What happened to this bad man? He was enlightened by God in a way that was wondrous and miraculous and totally outside of what he expected. Therefore, he in his zeal said, “I will restore fourfold to anyone I have defrauded, and I will give half of my goods to the poor”, and he had great warmth in his heart when he was in the presence of Christ, and he wanted to do better.

And then came tomorrow, the next day. He fell back into his bad habits. He still had avarice, and he still had lust, and he still had a desire for wine. He still had a weakness for all the things that he wished to get away from, so certainly he would have fallen, again and again and again. Look at the life of St Mary of Egypt. Can any one of us say we were as bad as she was? I don’t think so. Look what happened to her. When she realized how evil she had been and she desired to change, she went into the desert and for 18 years (if you read her story, you can see this) – EIGHTEEN YEARS! – she spent these years struggling with lustful imaginations and hearing songs that she used to hear when she was in drunken orgies, again and again in her head, and desiring to have flesh meats and wine which she used to drink in abundance. Eighteen years! So many of us, if we had to spend only a year struggling against lust and being unsuccessful – we would just throw in the towel, and go back across our Jordan, back to the former life we had been living, because we were not “cuttin” it.
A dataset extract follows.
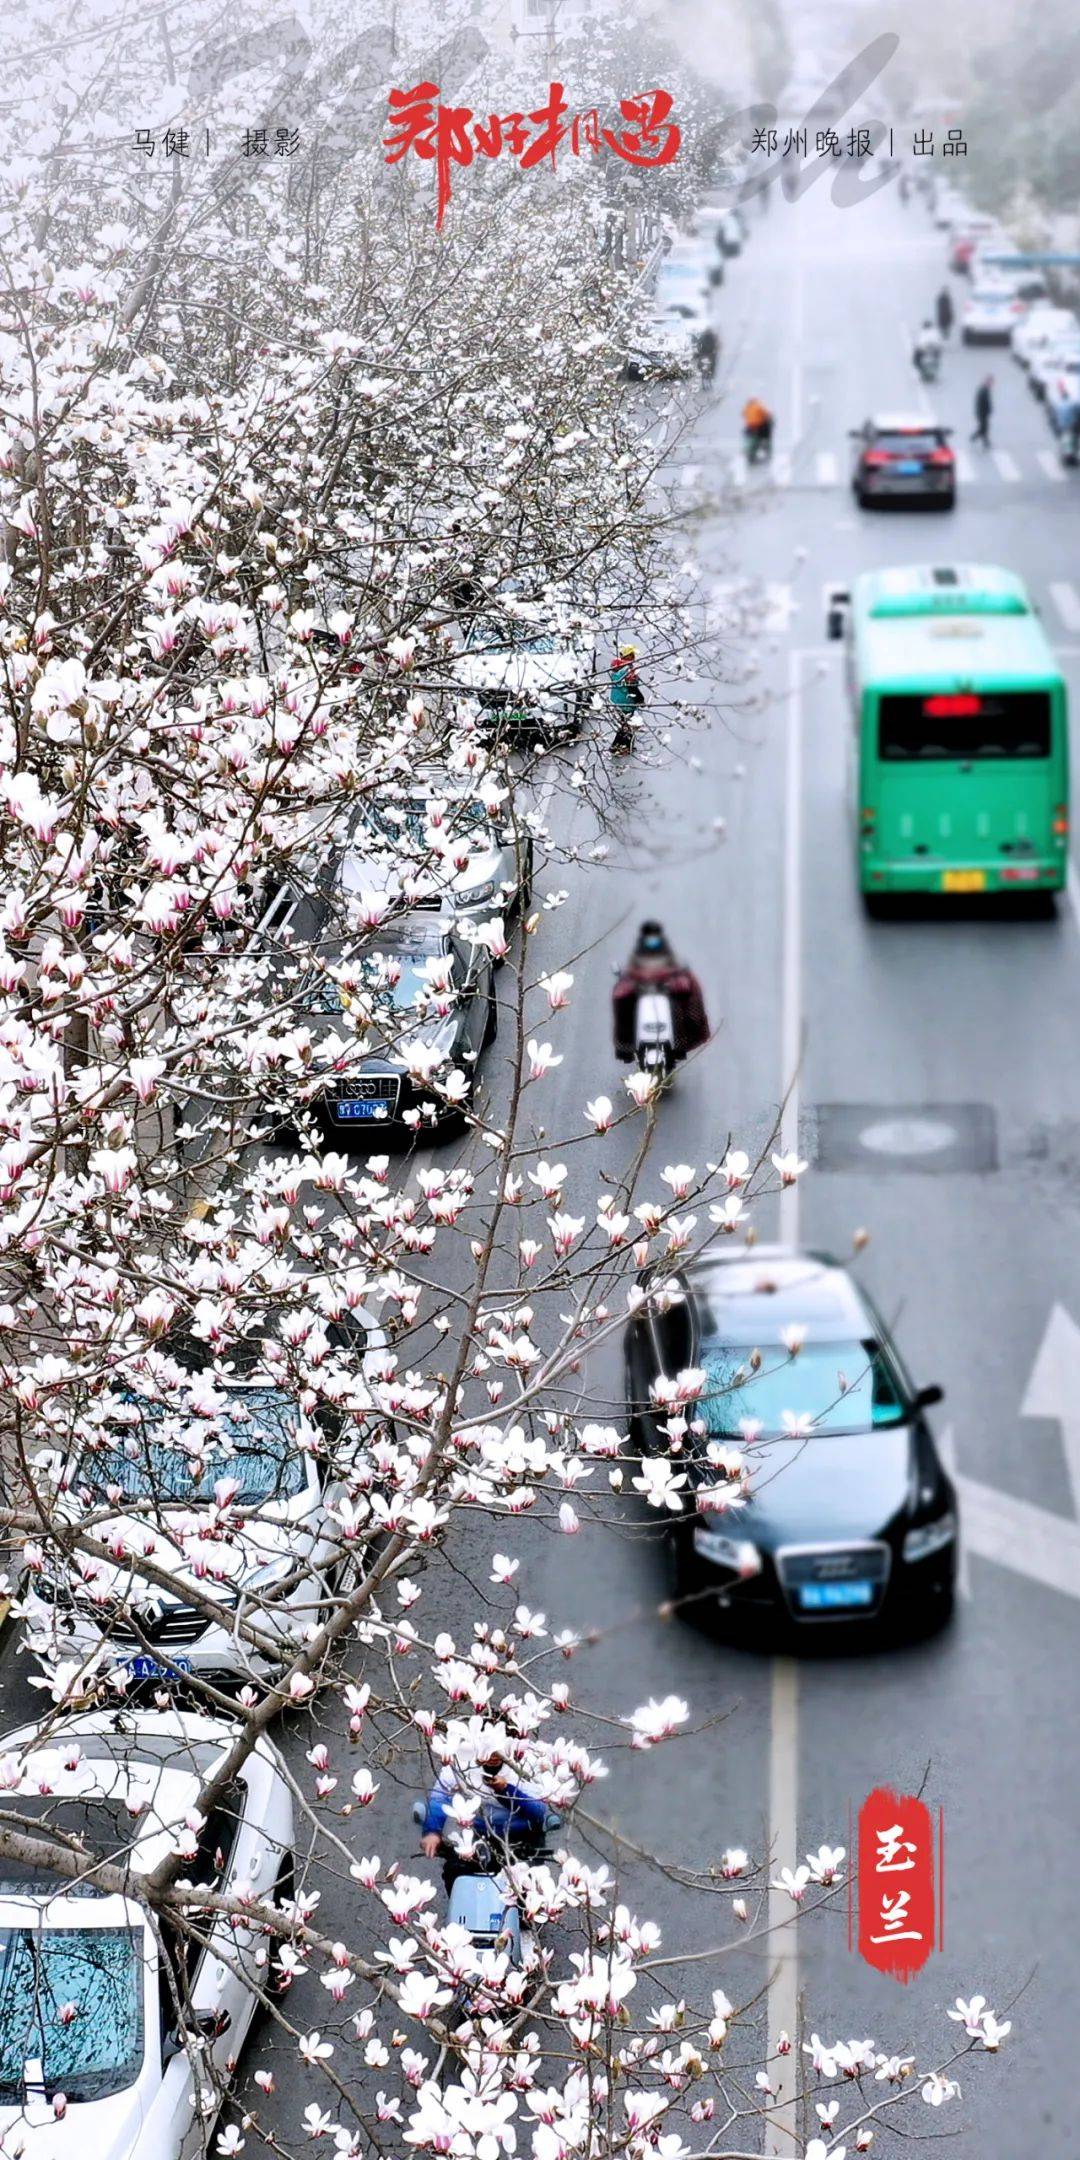 花瓣|郑好相遇 | 在郑州最早迎来春天的街道碰个面吧

She spent 18 years doing this, till finally God removed from her this lust and this depravity which she had so carefully cultivated from the time she was a maiden. It took 18 years. Very few of us in this room have been Orthodox 18 years, much less struggled 18 years against our passions.

Why did she do such a thing, and why did the publican Zacchaeus (shall we say), struggle so, and go into the temple and say, “God be merciful to me a sinner?” Why didn’t he just give up? That’s the most likely thing to happen in this world: most people give up. The reason they give up is because they do not have salvific knowledge of Who God is and what He has done, and what He will do. I said this so many times – our life is spent in learning TWO pieces of knowledge that are critical to our salvation. And they must be done in parallel and a little bit at a time. Too much of one or two much of the other will cause our death. The pieces of knowledge are of ourselves and of God. As a man grows in knowledge of God he learns how great God is and he develops confidence, and he develops this overwhelming desire to become holy. As he grows in knowledge of himself he sees those areas in his life that are not in keeping with Who God is, and he desires to change them.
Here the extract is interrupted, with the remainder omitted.